Capital Markets Authority Soundness Report for the third quarter of the 2025-26 financial year (January-March), notes that the trend reflects heightened capital flight and a shift in investor sentiment away from the domestic markets. The proportion of foreign investor participation in the equities market (buying and selling stocks and shares of companies) declined by 10 per cent, further indicating reduced foreign participation.
“The significant outflows observed during the quarter can largely be attributed to prevailing geopolitical tensions in the Middle East region, which prompted global investors to rebalance their portfolios in favour of safer investment destinations and lower-risk assets,” CMA says in its report.
This, as Kenya, a frontier market, remains susceptible to external shocks and their associated spillover effects, including reduced capital inflows and heightened market volatility.
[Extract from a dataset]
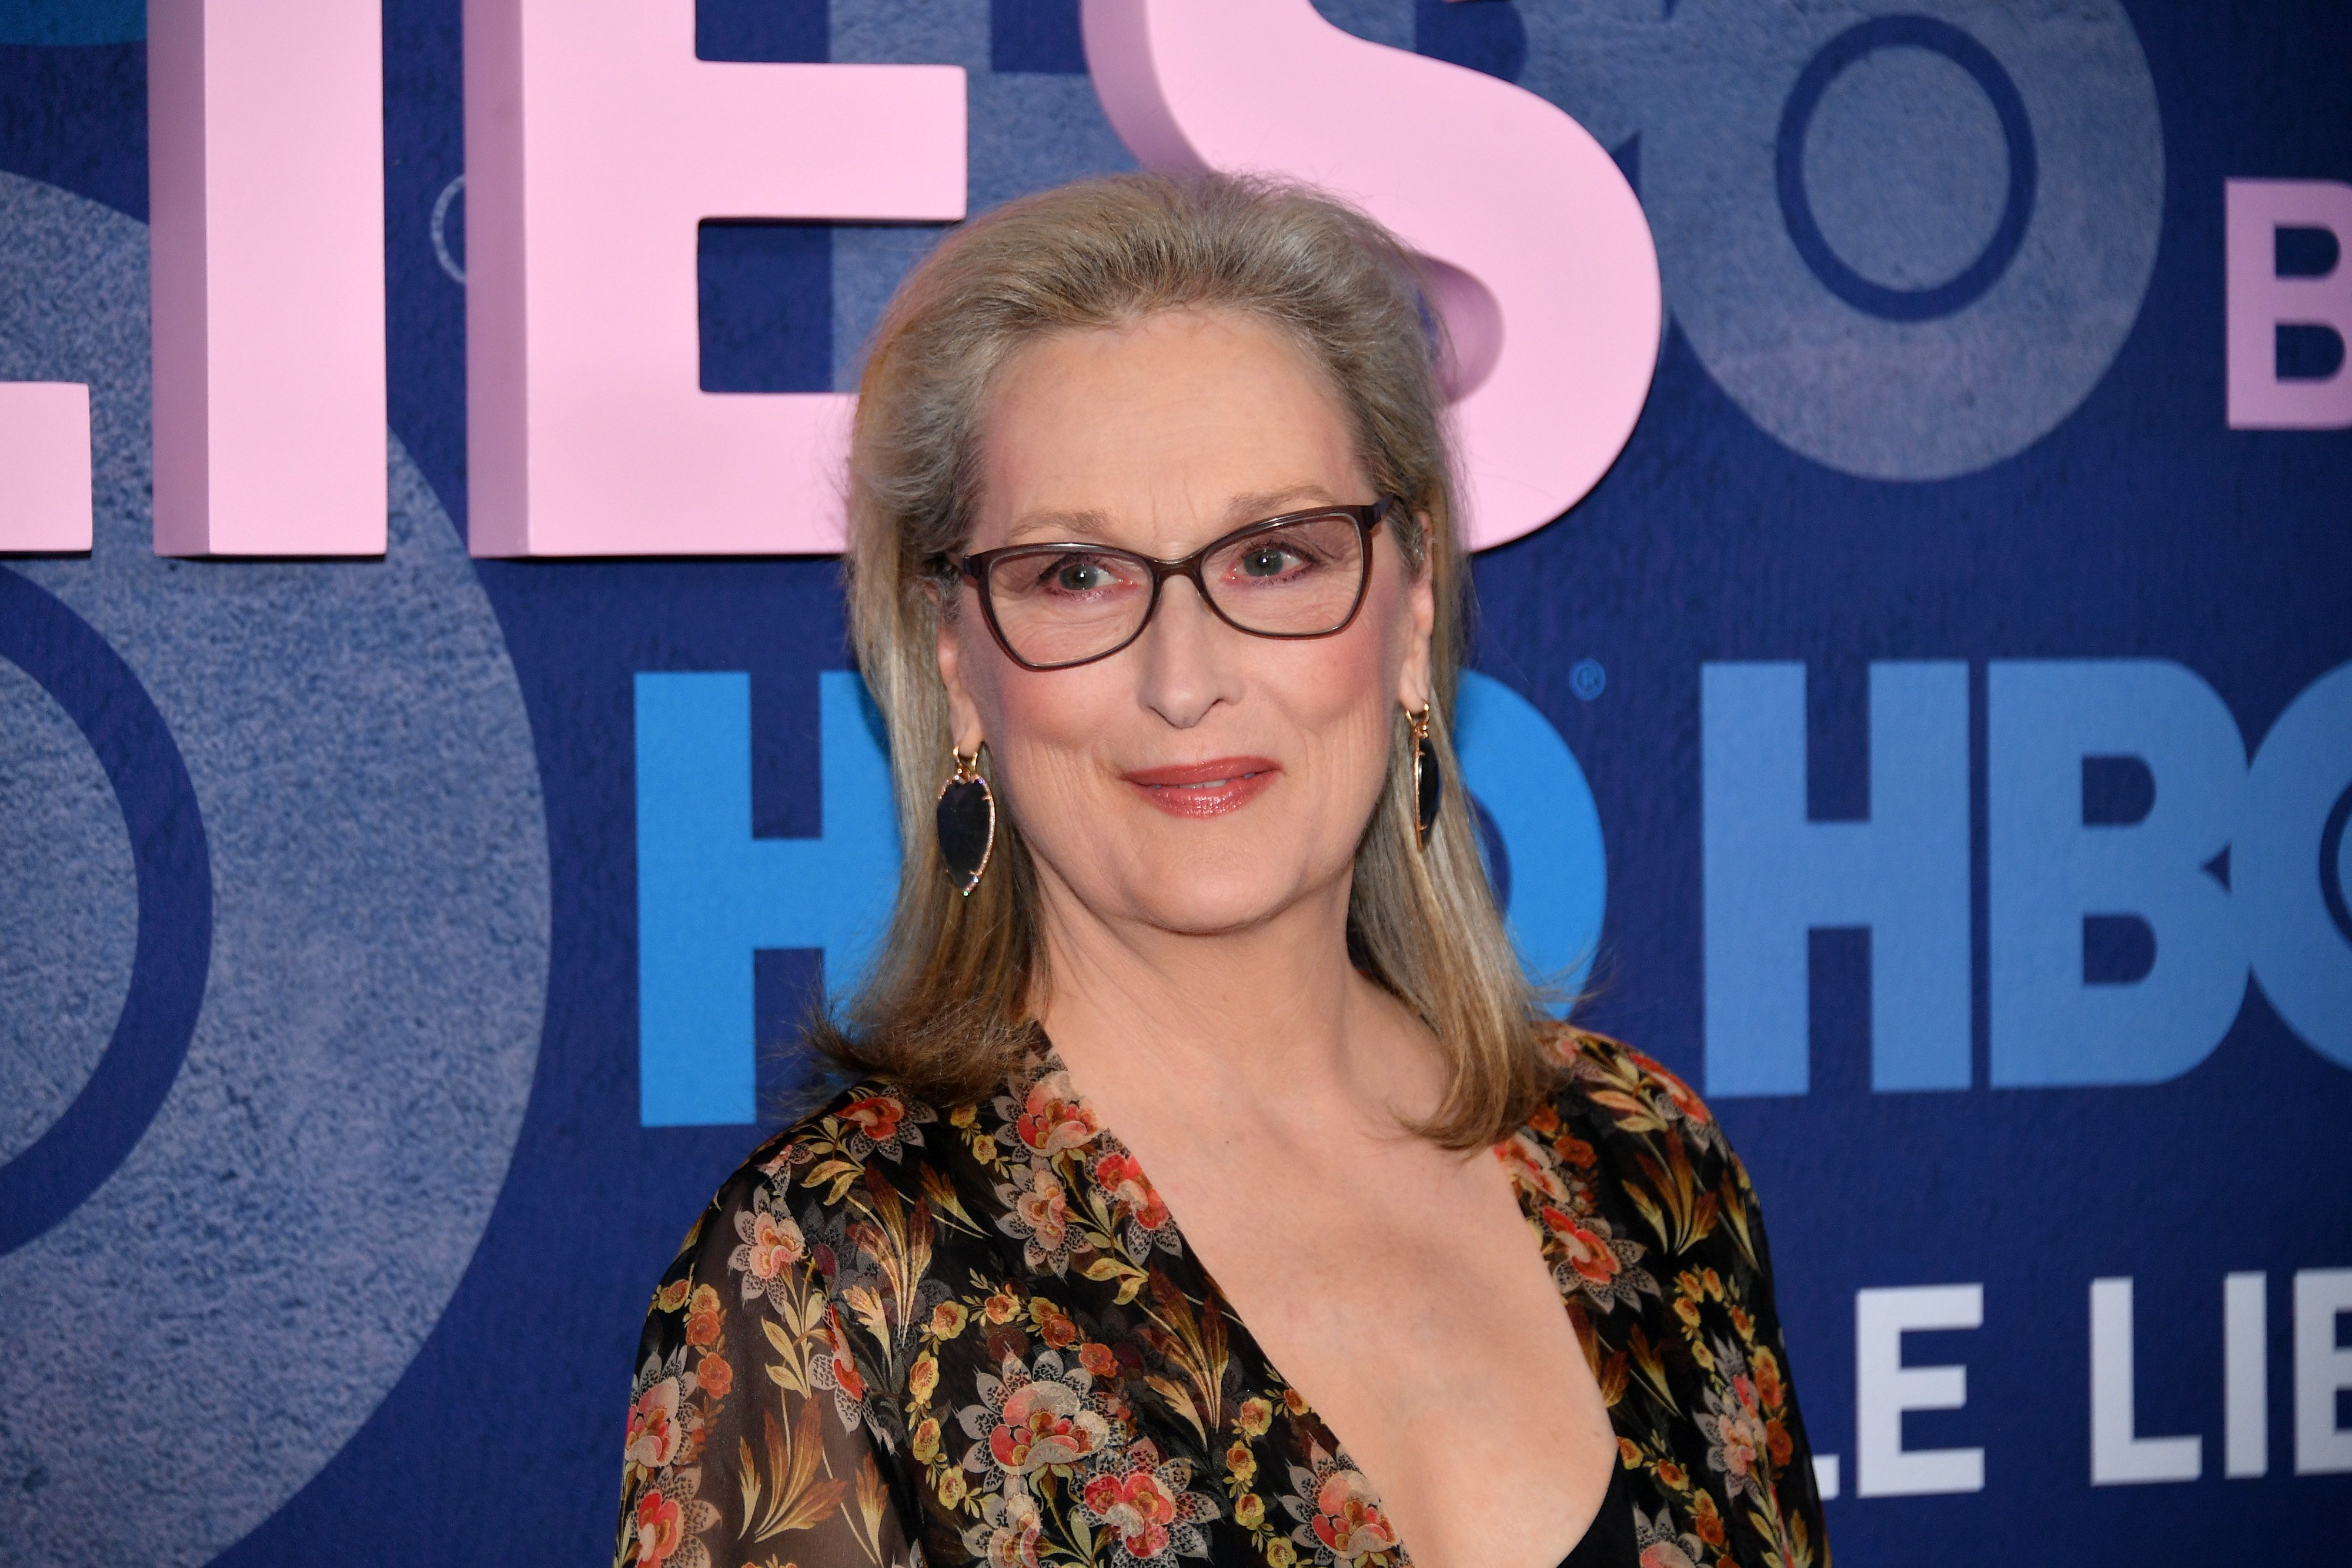 Meryl Streep Looks Almost Unrecognizable As She Debuts A New Hair Color For Her Latest Role

Despite the substantial foreign investor exit, the equities market demonstrated strong performance during the quarter.
This resilience has been pegged on the growing role of domestic investors in supporting market activity and sustaining liquidity. Local participation has enhanced market stability and reduced vulnerability to abrupt capital reversals associated with external investor movements.
Despite the ongoing global crisis, the domestic market performed strongly during the quarter. The four market indices, NSE 20 Index, NSE 25 Index, NASI, and NSE 10 Index closed at 3,431.56, 5,416.72, 194.82, and 2,030.35 basis points, respectively, reflecting gains of 9.31 per cent, 6.28 per cent, 4.42 per cent, and 3.32 per cent.